Just the other day, my eldest daughter rang to say that a friend of Kathryn’s contacted her, to see if it was all right to send me an email. Immediately my heart cried “yes!” Yes, someone, talk to me about Kathryn! Yes please, tell me more.

As I got off the phone I crumbled. I felt as if I had been kicked in the stomach. The intense grief, as if I had just been told of Kathryn’s suicide, hit me with the full sickening force of that devastating morning.

She was real — someone other than me and her sister and brother knew her. Someone was touched by her existence.

I initially thought it would be a school friend. A friend who just, for whatever reason, felt the need to reach out that day, to make contact.

I was wrong.

The email was from a young man, living across the other side of the world. He had known Kathryn online. They met through Tumblr and four years ago, when they were teenagers, spent time sharing their passions, angsts and woes.
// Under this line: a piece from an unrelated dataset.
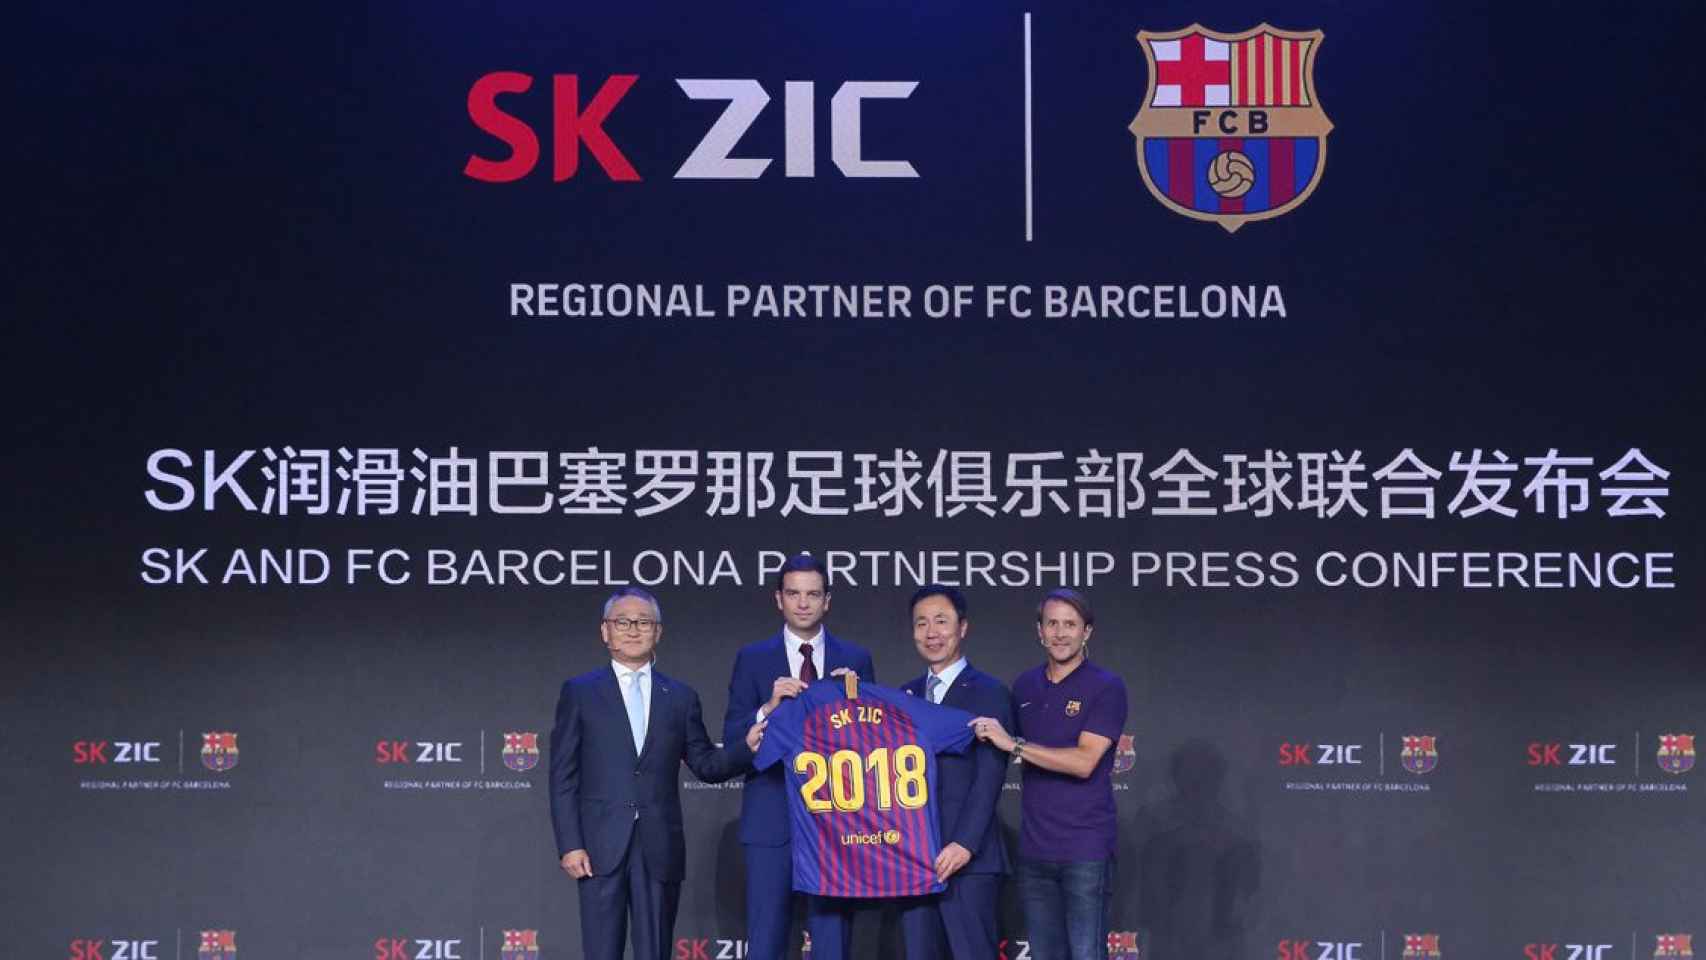 El Barça renueva su alianza con SK Lubricants / FCB

He expressed his concern that his email would stir up painful memories and he pondered his reasoning behind his need to reach out; he thought that closure was his motivation.

His email was moving and so very welcome.

Yes, I cried and cried. I spent two days experiencing the first onslaught of grief all over again. Even that was welcome. I found myself thrown out of that endless, dull ache of grief and into the absolute agony of loss.

She lived!

Kathryn touched the life of a young man a world away. On the morning of her death, he found himself having to sit through a lesson discussing Shakespeare’s “to be or not to be” and all he wanted to do was escape the banal routine of school and make sure the world knew of the beautiful soul he knew.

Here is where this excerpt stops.